Finding Madison’s Funny Bone (Podcast)

The humor behind those sparkling eyes

In this episode, Jess and I go on a hunt for the often-mentioned but little-documented wicked sense of humor of James Madison, which is said to have made people roar with laughter.

Listen now:

Show Notes:

Before we started recording, I showed these four portraits to Jess and asked her to come up with a few words to describe the subject.

Top left: 1816 by John Vanderlyn; Top Right: 1821 by Gilbert Stuart; Bottom Left: 1833 by James Barton Longacre; Bottom Right: 1829-1830 by Chester Harding

She came up with words like “striking,” “sometimes kind,” “suspicious,” and “awoken by a ghost.”

Those terms track fairly well with how most outsiders viewed Madison. The writer Washington Irving described him as “but a withered little apple john” and one acquaintance said he was “the most unsociable creature in existence.”

It makes sense then than in 2017, historian and author Alexis Coe called James Madison “America’s least fun founding father.”

But maybe they didn’t know the real Madison…which was no easy feat. His friend writer Margaret Bayard Smith said he was “very droll” and made his company “laugh heartily,” but she admitted that this “entertaining, interesting and communicative” man, “had a single stranger or indifferent person been present; would have been mute, cold, and repulsive.”

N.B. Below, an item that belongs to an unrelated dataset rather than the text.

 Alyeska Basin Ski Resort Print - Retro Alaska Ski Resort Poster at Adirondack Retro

So we went on a hunt for his well-hidden and weird sense of humor.

Margaret Bayard Smith circa 1829 by Charles Bird King. Fun fact: Margaret Bayard Smith had three “double cousins” who likely shared nearly 40% of their DNA with her. We talked about this and figure skating for almost nine minutes in a delightful segment that was cut due to its extreme lack of relevancy. This conversation can be heard on our Patreon page.

That hunt for his humor includes his abusive college poetry, his weird experimentation with animals and humans, and his special relationship with Thomas Jefferson.

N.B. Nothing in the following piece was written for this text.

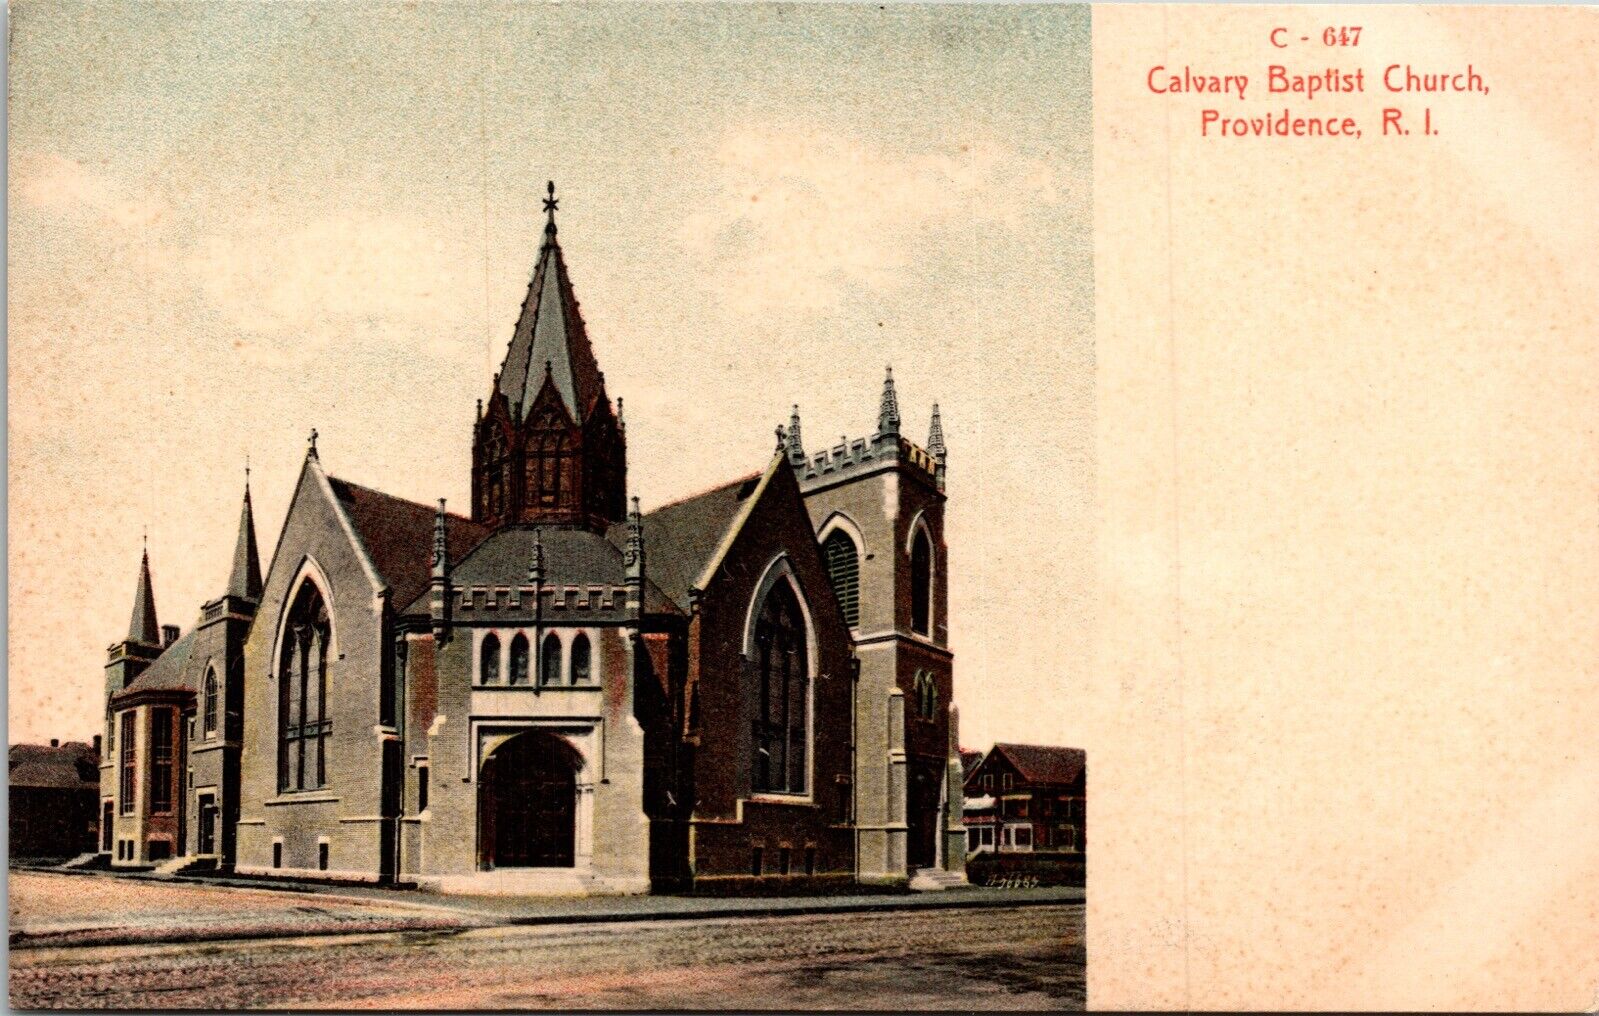 C - 647 Calvary Baptist Church, Providence, R. I.

Baroness Frederika Charlotte Riedesel circa 1795 by Johann Heinrich Schröder. The Baroness was reportedly a favorite comedy subject of Madison’s.

One of the best collections of Madison’s humor is an article called “The Mischievous Mr. Madison” by Hilarie M. Hicks which explores some of his more subtle humor and 19th century dad jokes.

We come away with a better understanding of the personality of James Madison (and myself) and we agree that he is definitely not America’s least fun founding father.

Listen now:


Join our Patreon family at https://www.patreon.com/ploddingthroughthepresidents for exclusive bonus content!

The Mischievous Mr. Madison” by Hilarie M. Hicks, Montpelier’s Digital Doorway, March 26, 2020
James Madison by Richard Brookhiser
Forty Years of Washington Society by Margaret Bayard Smith
The Life of James Madison by Gaillard Hunt
Totalus Rankium: The American Presidents Episode 4.1: James Madison Part 1 (a hilarious take on James Madison’s wooing of Dolley.)
What The Least Fun Founding Father Can Teach Us Now” by Alexis Coe, The New Yorker, November 22, 2017


  1. November 24, 2020 / 9:28 am


    I loved this podcast. I knew it was going to be good when the link popped up in my email.

    Madison is my 2nd favorite president, second to my #1…. JQA.
    When researching James Madison for my novel, I wanted to know these jokes by Madison. It’s sad that Margaret Bayard Smith did not record them for us. His poems….wow, very interesting. I used one of them in the novel. Truly an eccentric little fellow.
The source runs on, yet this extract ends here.